- Records -
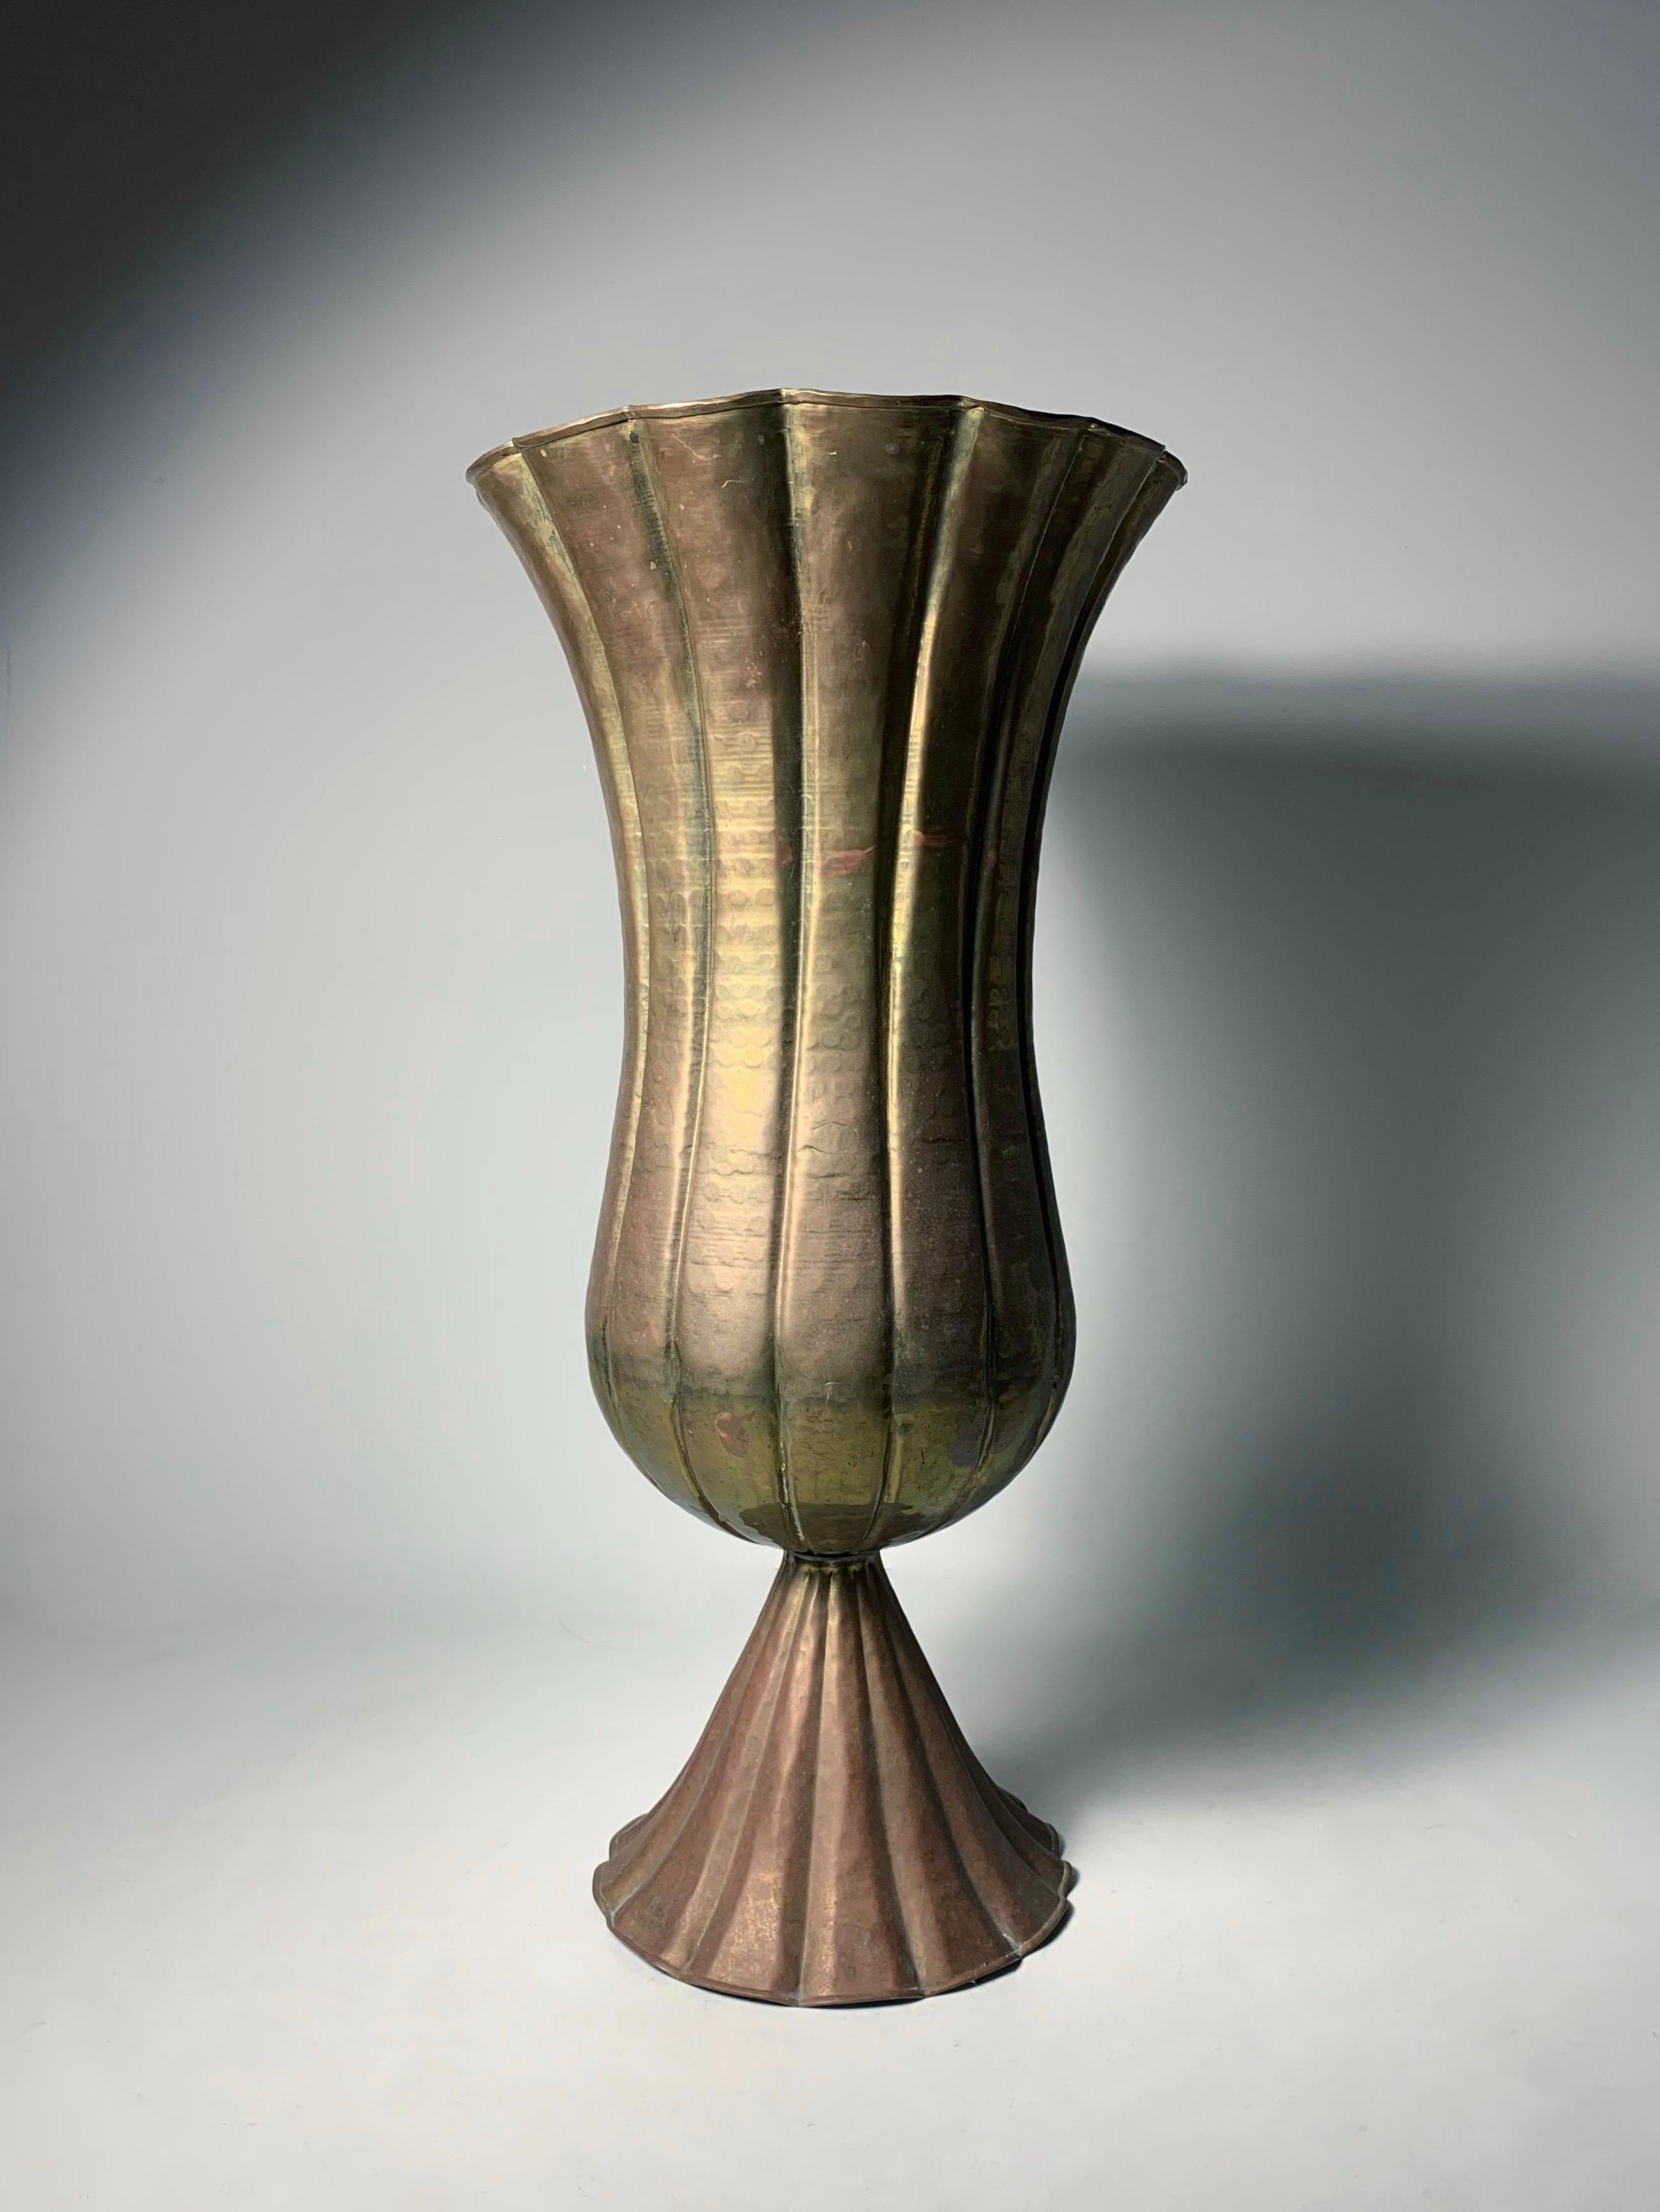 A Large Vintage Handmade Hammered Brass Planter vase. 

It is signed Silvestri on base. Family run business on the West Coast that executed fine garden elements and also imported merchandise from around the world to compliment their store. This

---

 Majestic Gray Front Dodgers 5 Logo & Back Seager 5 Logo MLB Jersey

- Exercise instructions -
Everything from the line with "A Large Vintage" down to the line with "It is signed" in the data above should be copied exactly, with both end lines kept and the pictures left out.

- Solution to this exercise -
 A Large Vintage Handmade Hammered Brass Planter vase. 

It is signed Silvestri on base. Family run business on the West Coast that executed fine garden elements and also imported merchandise from around the world to compliment their store. This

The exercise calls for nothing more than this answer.